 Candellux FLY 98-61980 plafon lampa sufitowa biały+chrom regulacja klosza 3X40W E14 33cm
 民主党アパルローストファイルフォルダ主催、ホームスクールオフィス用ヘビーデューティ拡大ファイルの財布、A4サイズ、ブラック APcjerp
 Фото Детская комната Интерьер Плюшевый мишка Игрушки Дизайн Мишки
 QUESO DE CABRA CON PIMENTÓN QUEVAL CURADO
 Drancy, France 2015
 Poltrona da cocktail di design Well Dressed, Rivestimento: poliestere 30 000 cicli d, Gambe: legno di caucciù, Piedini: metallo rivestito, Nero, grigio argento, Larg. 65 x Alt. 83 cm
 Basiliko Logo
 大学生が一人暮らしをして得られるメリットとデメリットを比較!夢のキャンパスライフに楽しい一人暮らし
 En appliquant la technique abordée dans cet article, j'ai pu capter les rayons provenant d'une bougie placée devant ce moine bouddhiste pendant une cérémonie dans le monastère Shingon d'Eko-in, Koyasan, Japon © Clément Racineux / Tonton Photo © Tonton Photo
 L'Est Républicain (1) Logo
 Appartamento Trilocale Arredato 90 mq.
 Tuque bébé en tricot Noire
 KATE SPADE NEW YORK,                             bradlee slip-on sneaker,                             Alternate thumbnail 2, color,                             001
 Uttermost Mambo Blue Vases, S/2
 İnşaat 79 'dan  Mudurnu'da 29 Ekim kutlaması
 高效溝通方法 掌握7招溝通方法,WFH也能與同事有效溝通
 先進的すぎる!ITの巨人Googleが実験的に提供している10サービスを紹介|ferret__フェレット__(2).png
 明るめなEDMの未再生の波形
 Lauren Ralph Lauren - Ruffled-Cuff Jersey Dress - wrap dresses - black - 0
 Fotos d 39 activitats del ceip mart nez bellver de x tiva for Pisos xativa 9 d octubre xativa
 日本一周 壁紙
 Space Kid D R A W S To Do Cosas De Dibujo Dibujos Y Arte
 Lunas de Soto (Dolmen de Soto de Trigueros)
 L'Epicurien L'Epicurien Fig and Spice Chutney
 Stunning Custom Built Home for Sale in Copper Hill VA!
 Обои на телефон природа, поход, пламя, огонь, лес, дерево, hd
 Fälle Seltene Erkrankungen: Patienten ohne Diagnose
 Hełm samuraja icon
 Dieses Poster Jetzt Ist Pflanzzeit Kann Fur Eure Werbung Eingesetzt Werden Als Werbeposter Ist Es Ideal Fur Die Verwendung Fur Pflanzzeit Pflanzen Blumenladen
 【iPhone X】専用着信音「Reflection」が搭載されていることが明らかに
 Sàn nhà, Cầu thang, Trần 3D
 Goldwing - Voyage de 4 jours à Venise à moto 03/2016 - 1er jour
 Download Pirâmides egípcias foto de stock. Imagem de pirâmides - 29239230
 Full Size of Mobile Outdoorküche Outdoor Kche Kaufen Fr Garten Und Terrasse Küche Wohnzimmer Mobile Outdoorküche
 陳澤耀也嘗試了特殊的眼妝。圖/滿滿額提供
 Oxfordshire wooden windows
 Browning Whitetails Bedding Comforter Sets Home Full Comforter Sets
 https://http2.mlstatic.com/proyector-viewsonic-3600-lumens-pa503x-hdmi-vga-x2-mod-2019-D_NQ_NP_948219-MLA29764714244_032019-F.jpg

============================================================

## Work order
Go through the records above and set each one down exactly, please.

## Your response
 Candellux FLY 98-61980 plafon lampa sufitowa biały+chrom regulacja klosza 3X40W E14 33cm
 民主党アパルローストファイルフォルダ主催、ホームスクールオフィス用ヘビーデューティ拡大ファイルの財布、A4サイズ、ブラック APcjerp
 Фото Детская комната Интерьер Плюшевый мишка Игрушки Дизайн Мишки
 QUESO DE CABRA CON PIMENTÓN QUEVAL CURADO
 Drancy, France 2015
 Poltrona da cocktail di design Well Dressed, Rivestimento: poliestere 30 000 cicli d, Gambe: legno di caucciù, Piedini: metallo rivestito, Nero, grigio argento, Larg. 65 x Alt. 83 cm
 Basiliko Logo
 大学生が一人暮らしをして得られるメリットとデメリットを比較!夢のキャンパスライフに楽しい一人暮らし
 En appliquant la technique abordée dans cet article, j'ai pu capter les rayons provenant d'une bougie placée devant ce moine bouddhiste pendant une cérémonie dans le monastère Shingon d'Eko-in, Koyasan, Japon © Clément Racineux / Tonton Photo © Tonton Photo
 L'Est Républicain (1) Logo
 Appartamento Trilocale Arredato 90 mq.
 Tuque bébé en tricot Noire
 KATE SPADE NEW YORK,                             bradlee slip-on sneaker,                             Alternate thumbnail 2, color,                             001
 Uttermost Mambo Blue Vases, S/2
 İnşaat 79 'dan  Mudurnu'da 29 Ekim kutlaması
 高效溝通方法 掌握7招溝通方法,WFH也能與同事有效溝通
 先進的すぎる!ITの巨人Googleが実験的に提供している10サービスを紹介|ferret__フェレット__(2).png
 明るめなEDMの未再生の波形
 Lauren Ralph Lauren - Ruffled-Cuff Jersey Dress - wrap dresses - black - 0
 Fotos d 39 activitats del ceip mart nez bellver de x tiva for Pisos xativa 9 d octubre xativa
 日本一周 壁紙
 Space Kid D R A W S To Do Cosas De Dibujo Dibujos Y Arte
 Lunas de Soto (Dolmen de Soto de Trigueros)
 L'Epicurien L'Epicurien Fig and Spice Chutney
 Stunning Custom Built Home for Sale in Copper Hill VA!
 Обои на телефон природа, поход, пламя, огонь, лес, дерево, hd
 Fälle Seltene Erkrankungen: Patienten ohne Diagnose
 Hełm samuraja icon
 Dieses Poster Jetzt Ist Pflanzzeit Kann Fur Eure Werbung Eingesetzt Werden Als Werbeposter Ist Es Ideal Fur Die Verwendung Fur Pflanzzeit Pflanzen Blumenladen
 【iPhone X】専用着信音「Reflection」が搭載されていることが明らかに
 Sàn nhà, Cầu thang, Trần 3D
 Goldwing - Voyage de 4 jours à Venise à moto 03/2016 - 1er jour
 Download Pirâmides egípcias foto de stock. Imagem de pirâmides - 29239230
 Full Size of Mobile Outdoorküche Outdoor Kche Kaufen Fr Garten Und Terrasse Küche Wohnzimmer Mobile Outdoorküche
 陳澤耀也嘗試了特殊的眼妝。圖/滿滿額提供
 Oxfordshire wooden windows
 Browning Whitetails Bedding Comforter Sets Home Full Comforter Sets
 https://http2.mlstatic.com/proyector-viewsonic-3600-lumens-pa503x-hdmi-vga-x2-mod-2019-D_NQ_NP_948219-MLA29764714244_032019-F.jpg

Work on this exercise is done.